1. `re.search()`	Scans a string for a regex match (we have already seen this one). The function returns a match object if it finds a match and None otherwise

2. `re.match()` This is identical to re.search(), except that re.search() returns a match if `<regex>` matches anywhere in `<string>`, whereas re.match() returns a match only if `<regex>` matches at the beginning of `<string>`

difference between `search` and `match`:

In [20]:
print(re.search(r'\d+', '123foobar'))
print(re.search(r'\d+', 'foo123bar'))

print(re.match(r'\d+', '123foobar'))
print(re.match(r'\d+', 'foo123bar'))

<re.Match object; span=(0, 3), match='123'>
<re.Match object; span=(3, 6), match='123'>
<re.Match object; span=(0, 3), match='123'>
None


3. `re.fullmatch()` This is similar to re.search() and re.match(), but re.fullmatch() returns a match only if `<regex>` matches `<string>` in its entirety

In [48]:
print(re.fullmatch(r'\d+', '123foo'))
print(re.fullmatch(r'\d+', 'foo123'))
print(re.fullmatch(r'\d+', 'foo123bar'))
print(re.fullmatch(r'\d+', '123'))
print(re.search(r'^\d+$', '123'))

None
None
None
<re.Match object; span=(0, 3), match='123'>
<re.Match object; span=(0, 3), match='123'>


4. `re.findall()` returns a list of all non-overlapping matches of `<regex>` in `<string>`. It scans the search string from left to right and returns all matches in the order found:

In [22]:
print(re.findall(r'\w+', '...foo,,,,bar:%$baz//|'))

['foo', 'bar', 'baz']


In [49]:
re.findall(r'(\w+),(\w+)', 'foo,bar,baz,qux,quux,corge')
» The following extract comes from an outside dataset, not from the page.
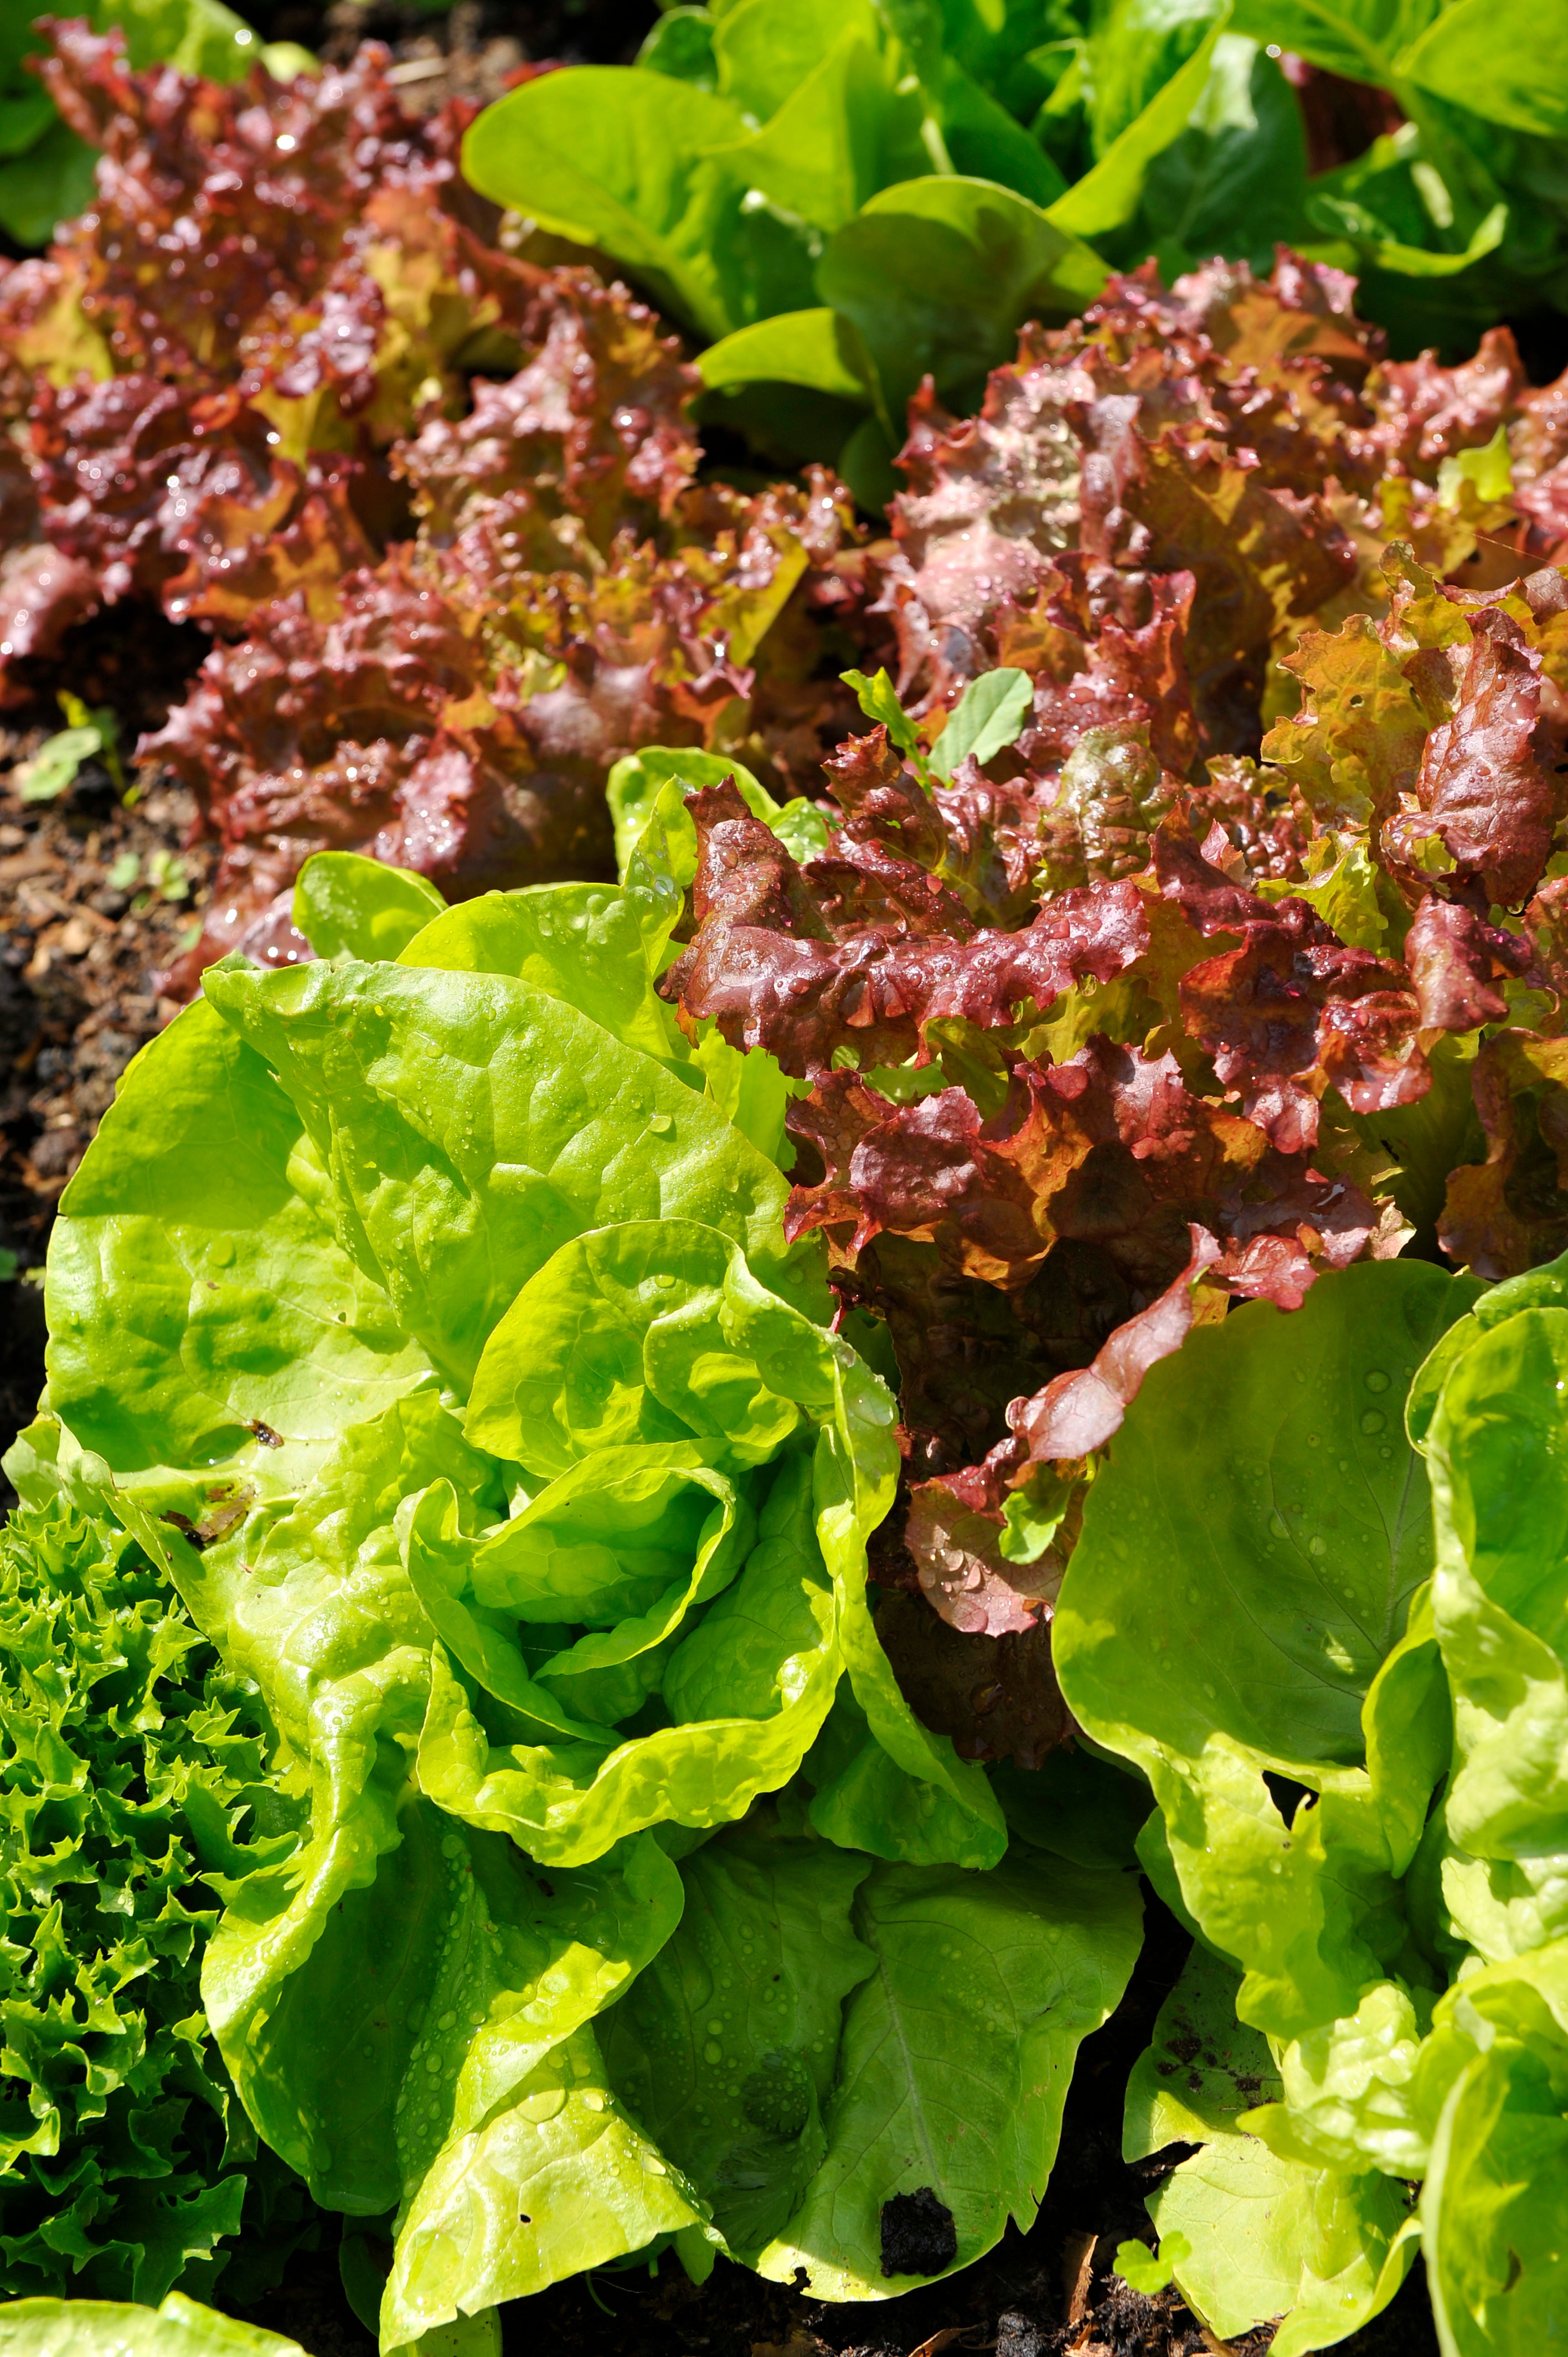 Lettuce is suspected to be the source of the outbreak (PA)

[('foo', 'bar'), ('baz', 'qux'), ('quux', 'corge')]

### Substitution Function

`re.sub(<regex>, <repl>, <string>)` finds the leftmost non-overlapping occurrences of `<regex>` in `<string>`, replaces each match as indicated by `<repl>`, and returns the result. `<string>` remains unchanged.

In [51]:
s = 'foo.123.bar.789.baz'
print(re.sub(r'\d+', '#', s))

foo.#.bar.#.baz